EXTRACTED ENTRIES:
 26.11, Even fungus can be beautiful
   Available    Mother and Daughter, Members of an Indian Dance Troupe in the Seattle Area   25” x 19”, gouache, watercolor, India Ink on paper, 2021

==

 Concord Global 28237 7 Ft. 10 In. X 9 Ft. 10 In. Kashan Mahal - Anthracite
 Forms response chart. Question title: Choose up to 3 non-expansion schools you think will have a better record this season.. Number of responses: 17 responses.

---

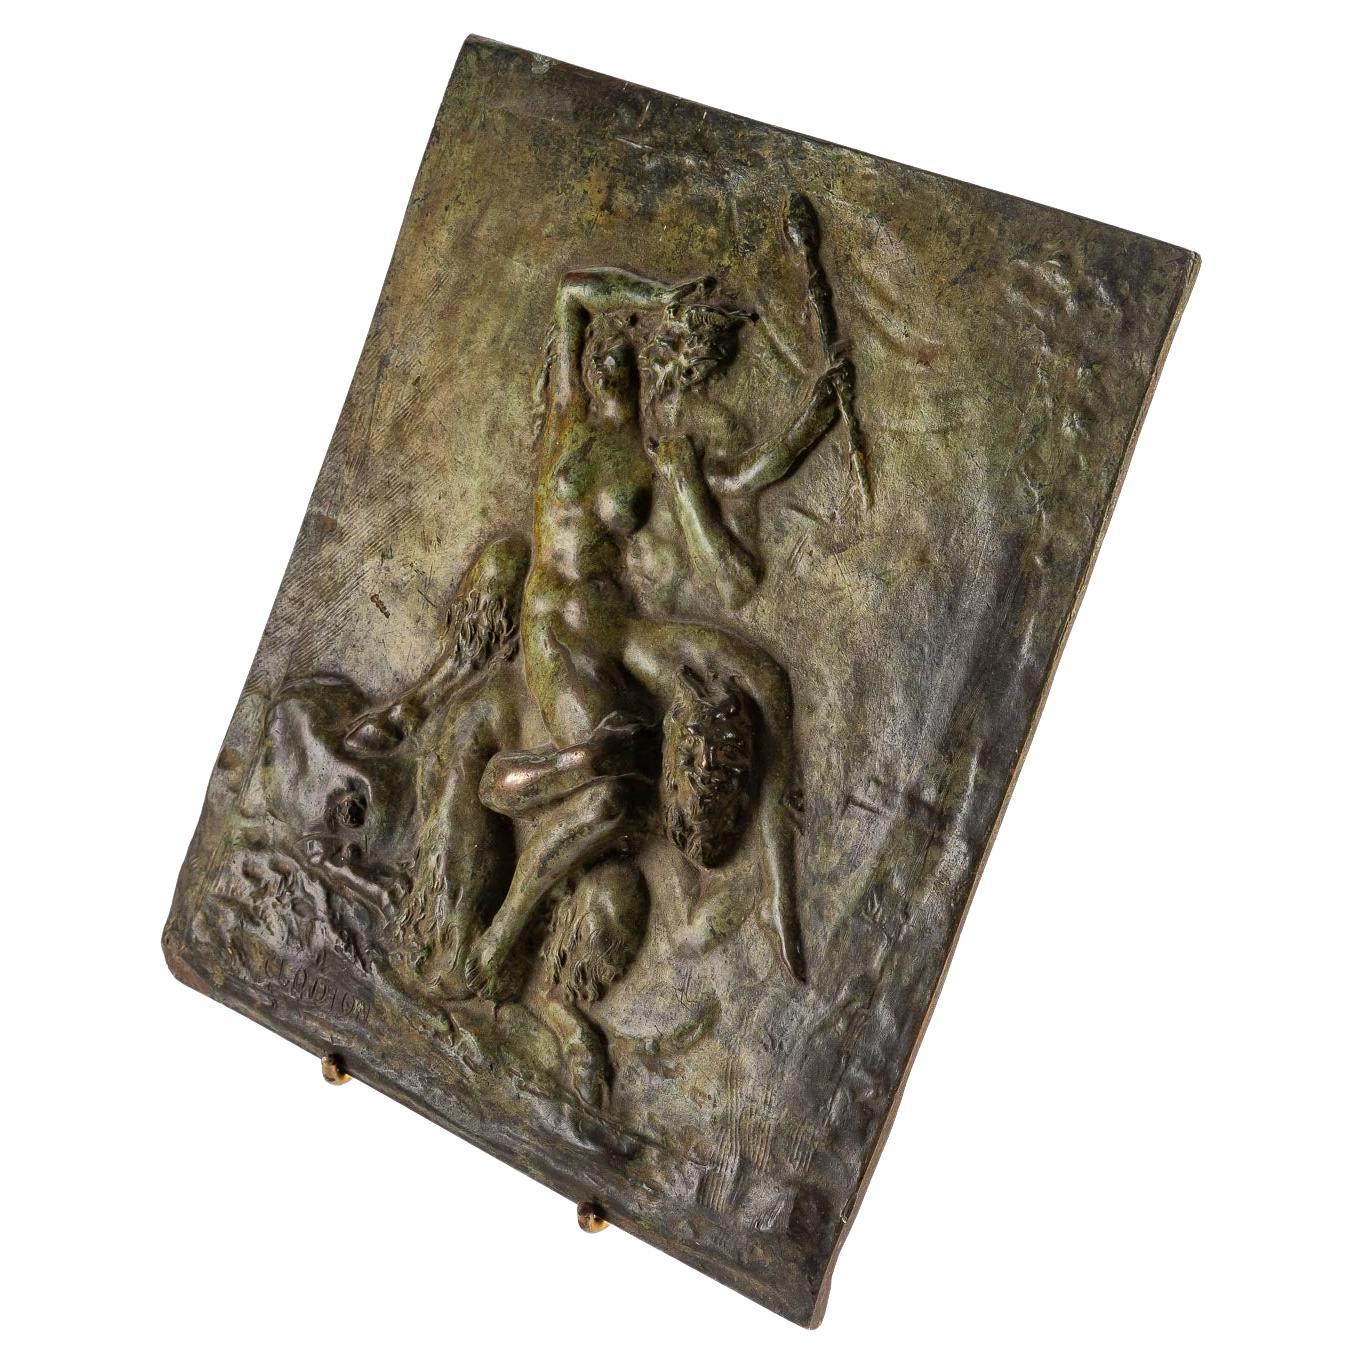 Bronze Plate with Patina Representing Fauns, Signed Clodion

TASK INSTRUCTIONS: Give the exact lines, and only those, from the line containing "Concord Global 28237" through the line containing "Forms response chart." in the entries above.

RESPONSE TO THIS EXERCISE:
 Concord Global 28237 7 Ft. 10 In. X 9 Ft. 10 In. Kashan Mahal - Anthracite
 Forms response chart. Question title: Choose up to 3 non-expansion schools you think will have a better record this season.. Number of responses: 17 responses.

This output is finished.